For any continuous frames, if the later frame has fewer objects than the former frame, there will be only two situations. The first situation is one or more objects in the former frame have been out of the later frame, and the other situation is some individual objects in the later frame are detected as a whole in the foreground detection stage due to the inevitable overlap and occlusion problem. Figure 4 (right and middle) shows the detection detail of two adjacent frames where there should be three pedestrian patterns detected in both frames, but for the frame in the middle, the object detection method considers the left two patterns as one object because they are close to each other. Therefore, in this section, an improved mean-shift method is proposed to track the individual objects in the second situation.

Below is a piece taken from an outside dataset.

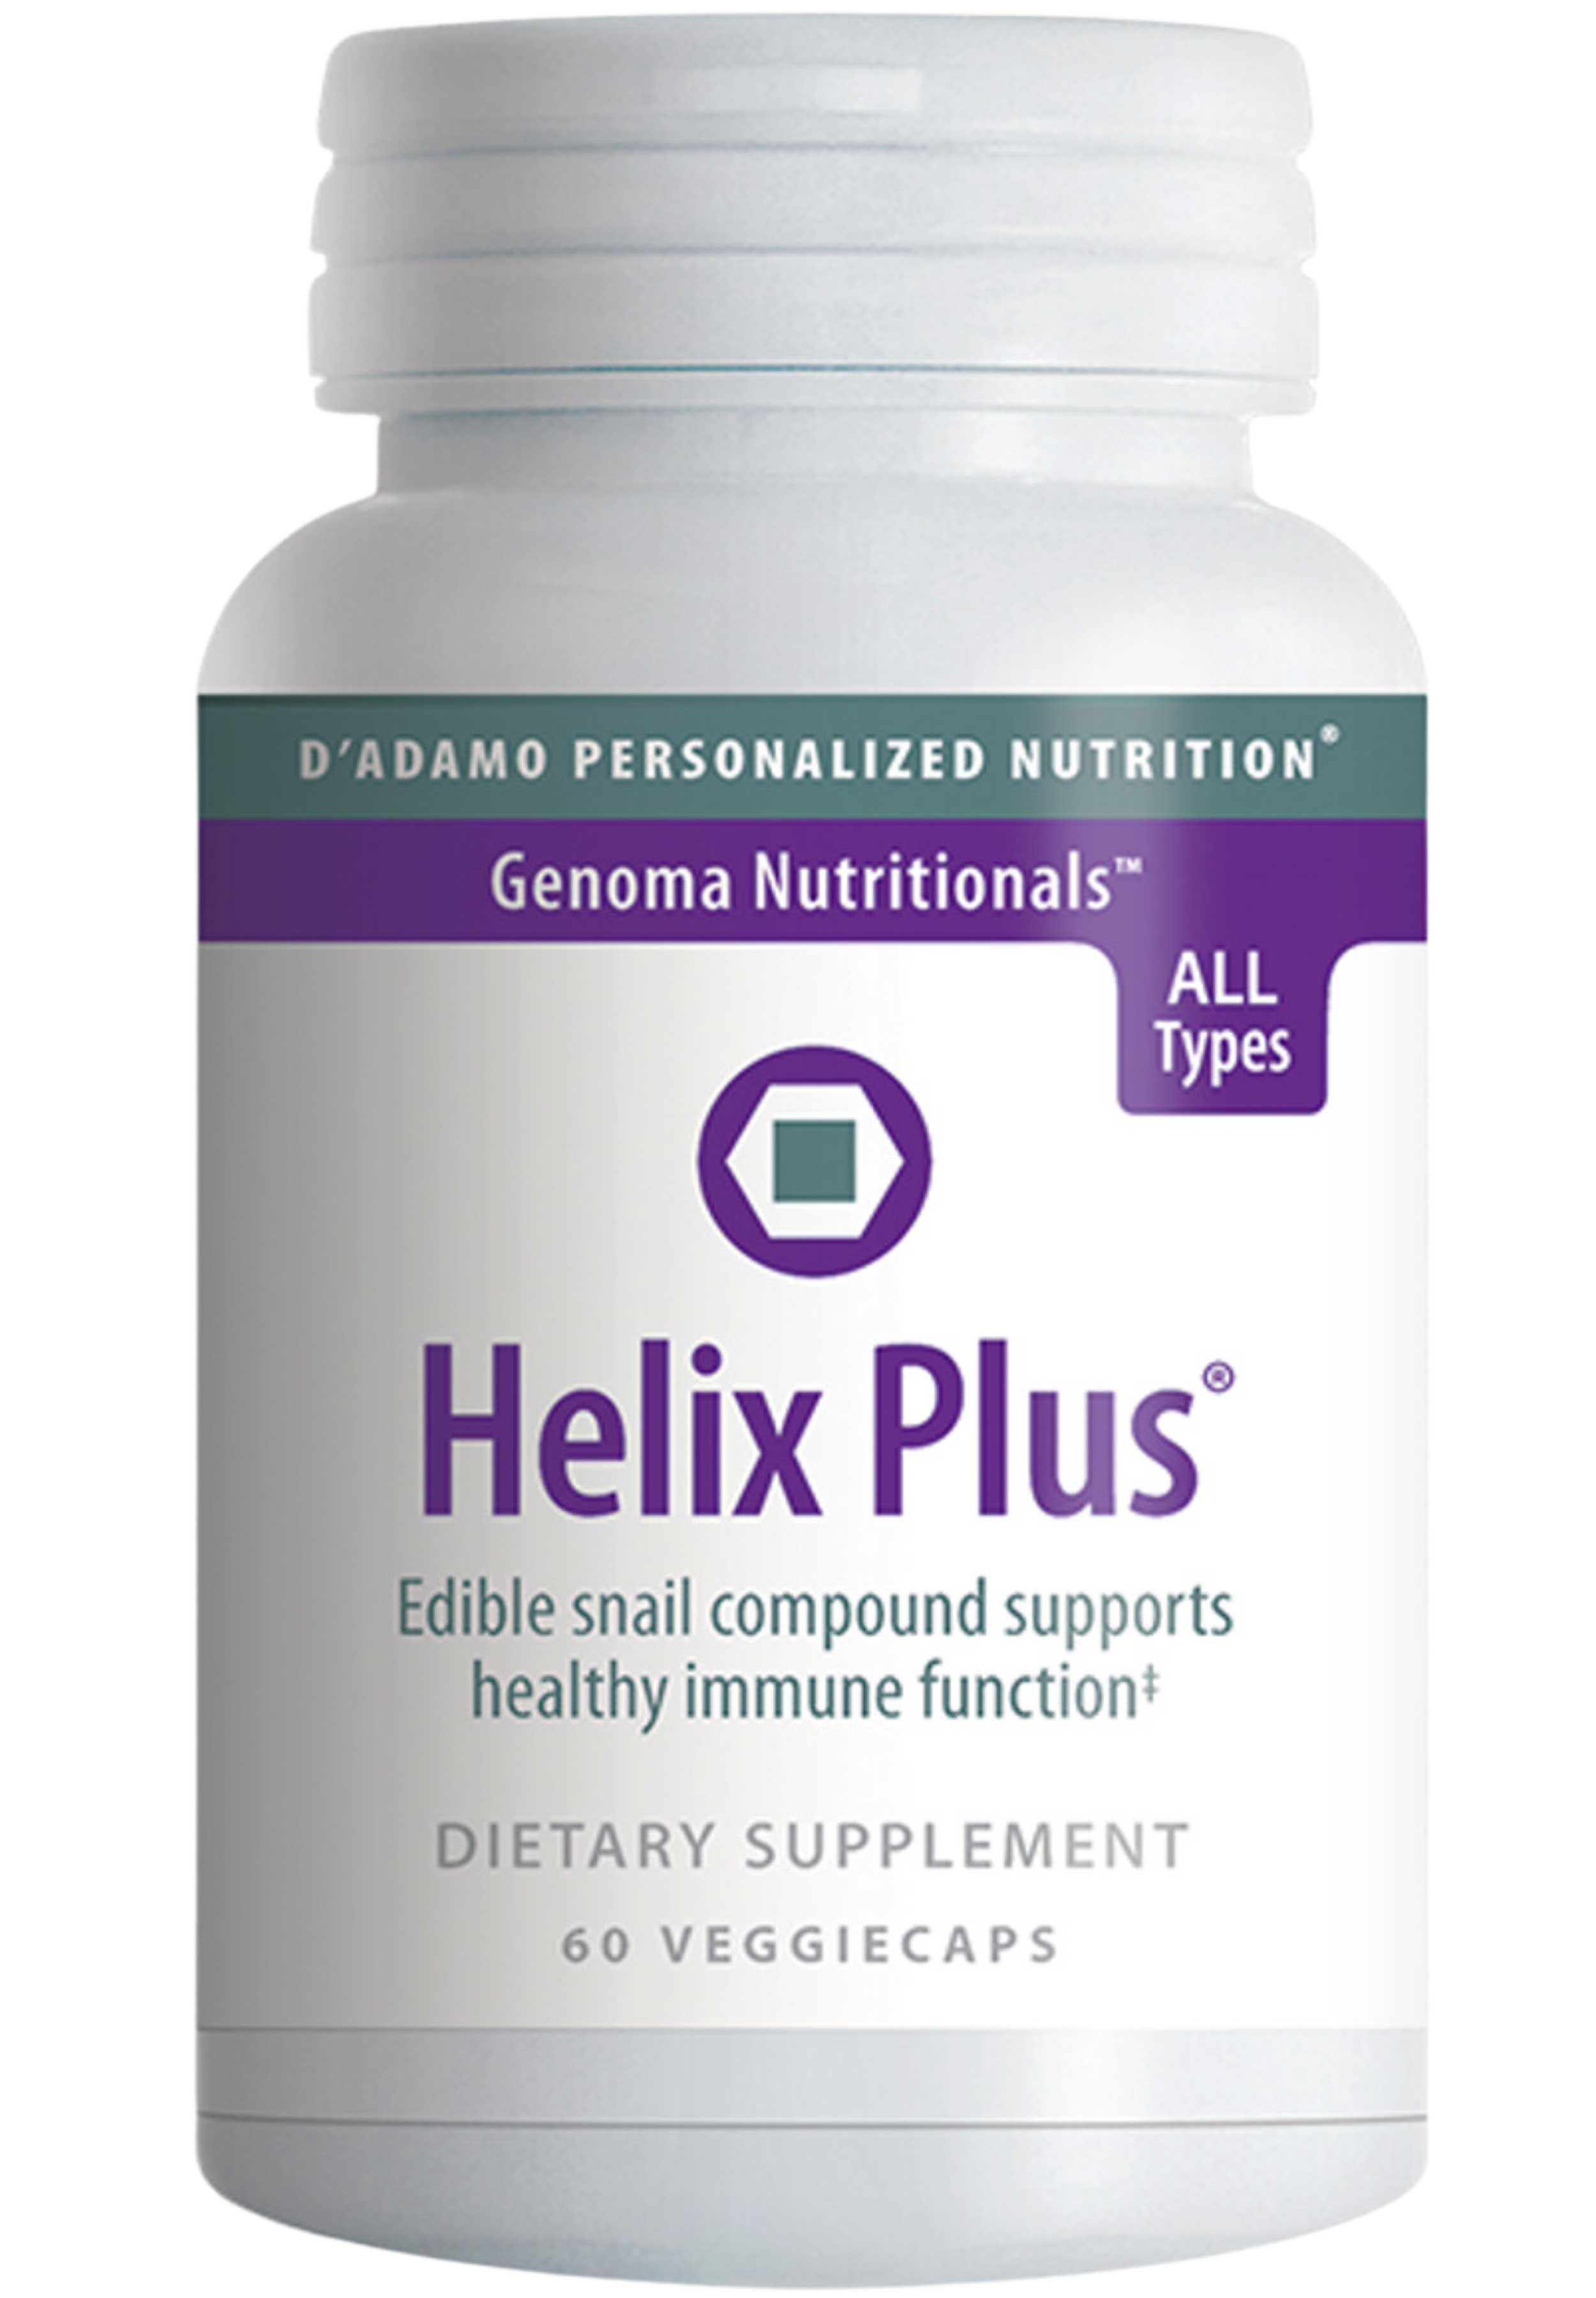 D'Adamo Personalized Nutrition Helix Plus

Conventional mean-shift method [36] mainly has two drawbacks. The first one is that it tracks the object mostly based on the color and texture feature, but does not take too much account of the spatial relationship of the object. Therefore, if the object has the similar color with surrounding background, the tracker will probably locate the object at the background region in the following frame. The second one is the similarity computation for two probability density functions (PDFs). In [36], it defines the distance between two PDFs as

$$ \mathrm{d}\left(\mathrm{y}\right)=\sqrt{1-\uprho \left[\hat{\mathrm{p}}\left(\mathrm{y}\right),\hat{\mathrm{q}}\right]} $$

(13)

$$ \uprho \left[\hat{\mathrm{p}}\left(\mathrm{y}\right),\hat{\mathrm{q}}\right]=\sum \limits_{\mathrm{u}=1}^{\mathrm{m}}\sqrt{{\hat{\mathrm{p}}}_{\mathrm{u}}\left(\mathrm{y}\right){\hat{\mathrm{q}}}_{\mathrm{u}}} $$

(14)

where ρ[∙] is the Bhattacharyya coefficient, $ \widehat{\mathrm{q}}={\left\{{\widehat{\mathrm{q}}}_{\mathrm{u}}\right\}}_{\mathrm{u}=1\dots \mathrm{m}} $ (with $ \sum \limits_{\mathrm{u}=1}^{\mathrm{m}}{\widehat{\mathrm{q}}}_{\mathrm{u}}=1 $) is the discrete density from the m-bin histogram of the object model, $ \widehat{\mathrm{p}}\left(\mathrm{y}\right)={\left\{{\widehat{\mathrm{p}}}_{\mathrm{u}}\left(\mathrm{y}\right)\right\}}_{\mathrm{u}=1\dots \mathrm{m}} $ (with $ \sum \limits_{\mathrm{u}=1}^{\mathrm{m}}{\widehat{\mathrm{p}}}_{\mathrm{u}}\left(\mathrm{y}\right)=1 $) is estimated as a given location y from the m-bin histogram of the object candidate. However, $ \widehat{\mathrm{q}} $ does not change with time which is not fit with human cognition because the surrounding of the object cannot be always the same in the real scene. On the other hand, unchangeable $ \widehat{\mathrm{q}} $ will also increase the convergence cost because it will take more time to match object candidate and object model within difference background.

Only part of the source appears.